There could be many reasons, but one prominent reason is that agricultural farming does not yield any profit to the farmers. 
 
Reality 
As a result, several farmlands are being transformed into industrial complexes and big factories. 

At the same time, farmers and aboriginal tribes have been largely impacted by such moves, and they are deprived of their indigenous farming activities. In Brazil, reports indicate that the Guarani tribe people are committing suicide because of shrinking agricultural land. They cannot get any food harvest from the land because of growing industrialization, as agricultural lands have been cleared for industrial zones. This has led to the situation that people’s subsistence farming is on the verge of extinction.
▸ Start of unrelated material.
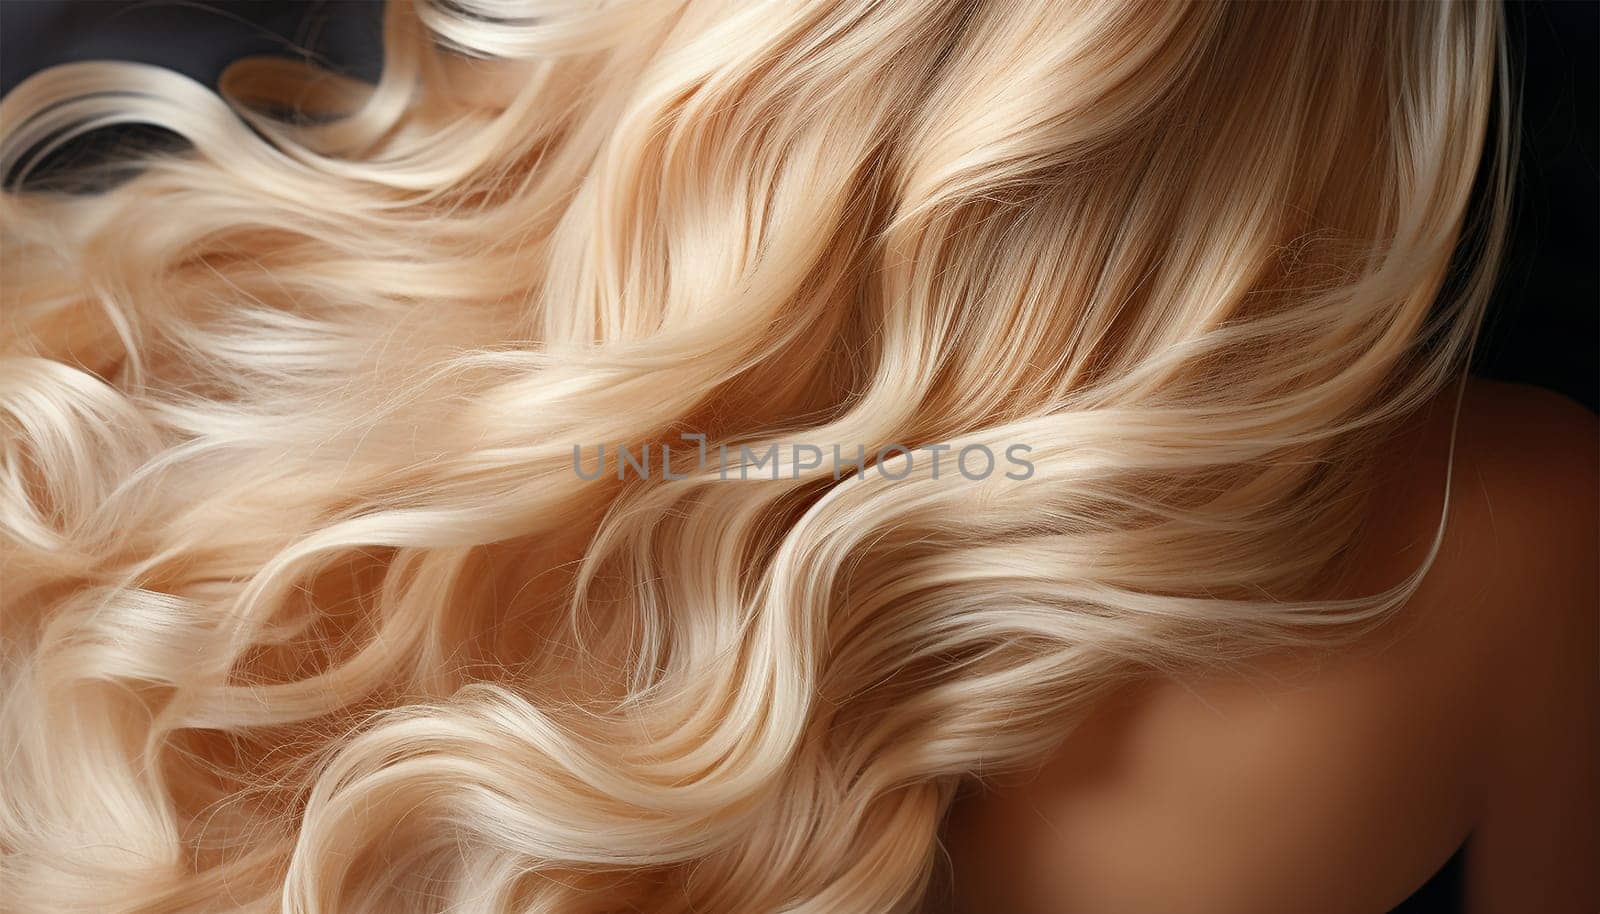 Blond hair background texture. Beauty product advertisement concept. Blond hair close-up as a background. Women's long blonde hair. Beautifully styled wavy shiny curls. Hair coloring. Hairdressing procedures, extension. by Annebel146

In India alone, many farmers (about five hundred thousand) in Rajasthan are reported to have committed suicide until 2021. 
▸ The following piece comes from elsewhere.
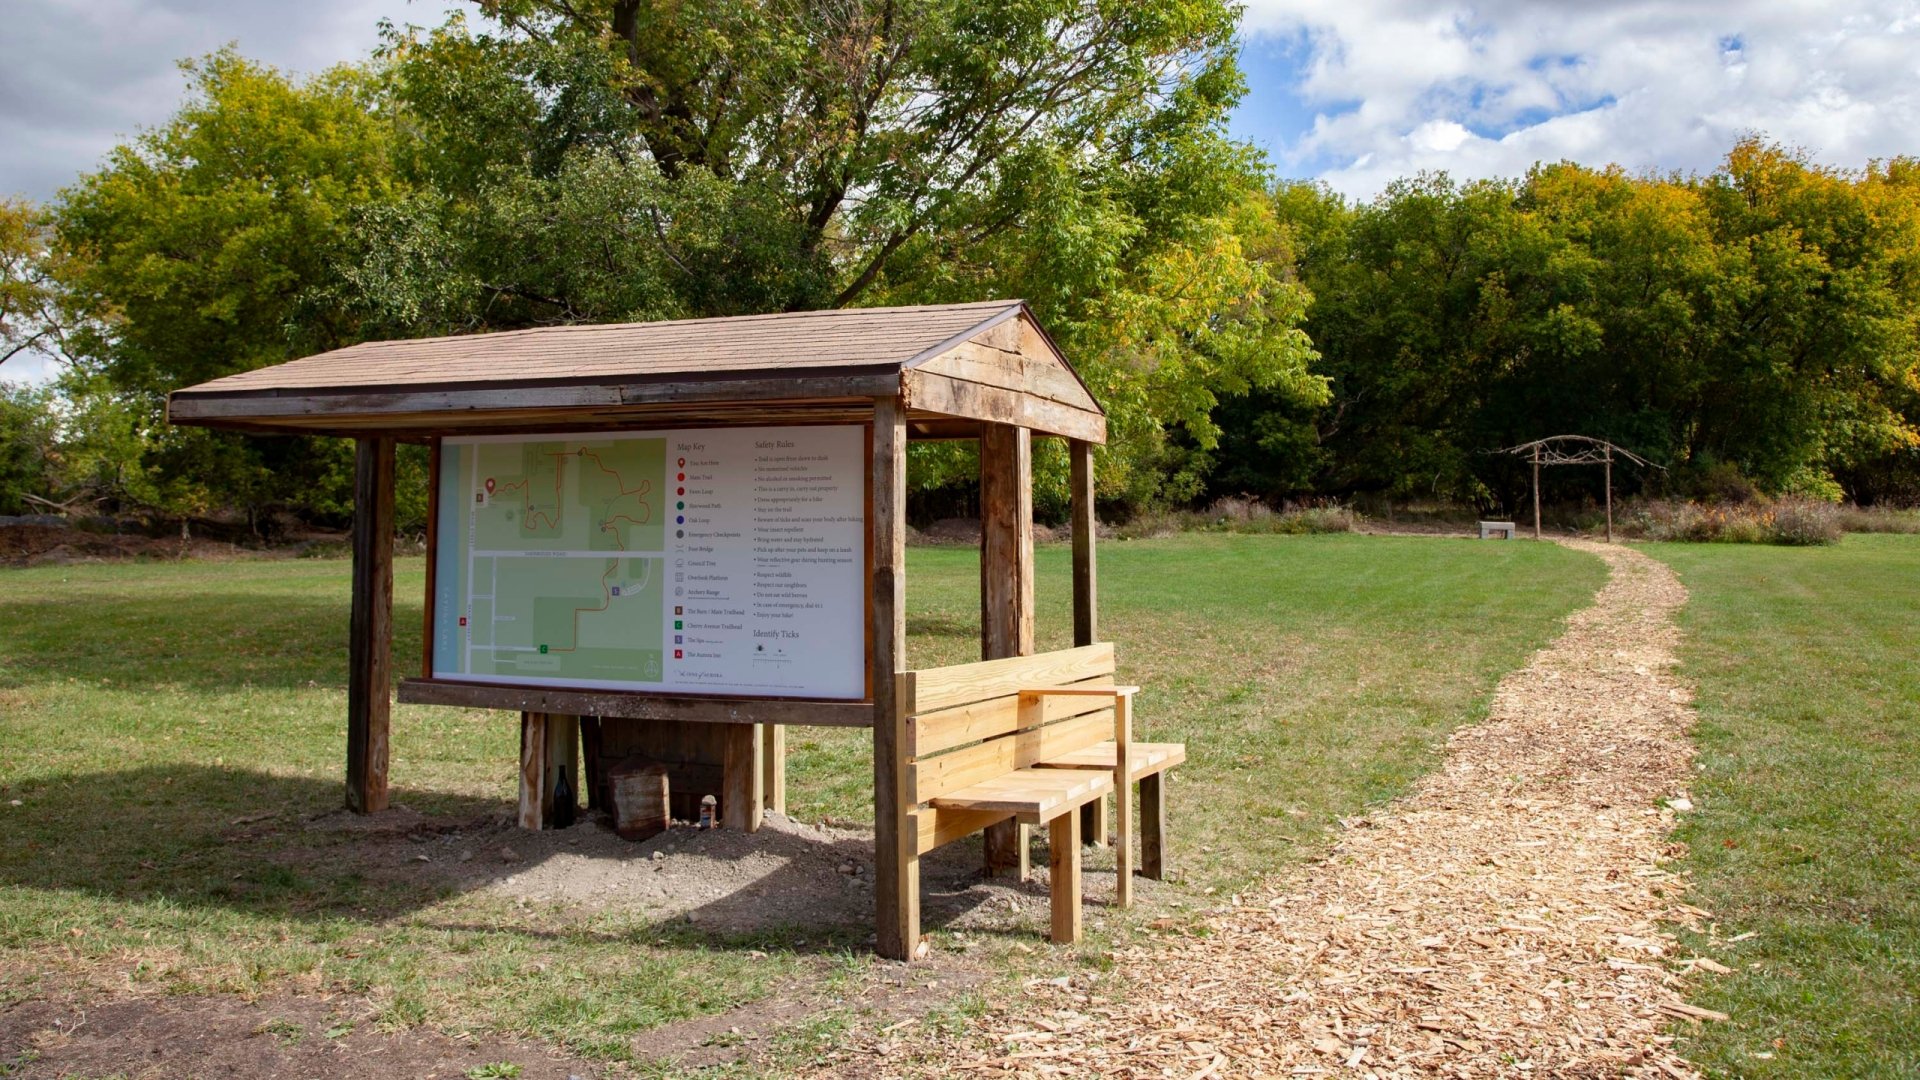 A wooden shelter with a bench and map of nature trails.

Surprisingly, such an economically capable country cannot find a viable solution to the farmer’s plight. The loan they take from the government is much higher than the yields they get. At the same time, the shopping malls in different parts of India have shrunken farmers' agricultural market bases. 
 


Recently, in America, too, the aboriginal Native people in Alaska are committing suicide. Reports point out that many young people are committing suicide just because the industrial pace has imposed on their lives and they are starving for food. Even in a smaller, agricultural-based economy like Nepal, agricultural activities are going to decline because many young people leave the country for the sake of foreign employment. Much of the cultivable land remains uncultivated, and the country has to import food grains from India in a quantity never before in history. 
 


Eye-opening context 
Reports are rife in China that it is hard for the country to sustain its agricultural economy. People have left the traditional agricultural pattern due to the excessive growth of the farming culture. People in the local community have given up agricultural activities. As a result, young people are leaving the villages because they cannot depend on agriculture any longer as their forefathers did. 
 


Similar stories are heard in African and Sub-Saharan regions. According to a report by the World Food Organisation, it is estimated that twenty million people in the African and Sub-Saharan regions will be facing an acute shortage of food supply by 2030. This being the case, it will not only create problems in terms of the global economy, but it will also destabilise global security and regional and continental harmony. The estimation is not just an imaginative figuration. It embodies crude facts because Africa is already such a continent that is facing problems of desertification and lack of water. This situation will further worsen in the upcoming years because global warming, weather, and climatic change are undoubtedly expected to exacerbate this situation even further. 
 


We already know that agricultural patterns and ecological balance are interdependent. Some countries have faced an unprecedented imbalance in environmental and ecological conditions when traditional agricultural patterns have been replaced. We are ourselves the witnesses of Mayan civilization. At our doorstep, we are facing the destruction of a large amount of forest life and cultivable land in tropical regions. 
 


Conclusion 
All these stories state that the world has neglected the agricultural sector. What is the reason? Simply put, the world is heading towards a corporate culture of the economy—gaining an easy economy. If agriculture is neglected as it is today, the world has to invest a huge amount of money in food supplies. This, too, would imbalance the global economy, and it would bring other problems like desertification, a lack of water supply, and a fall in productivity from the soil. Can this booming economy sustain itself without an agricultural base?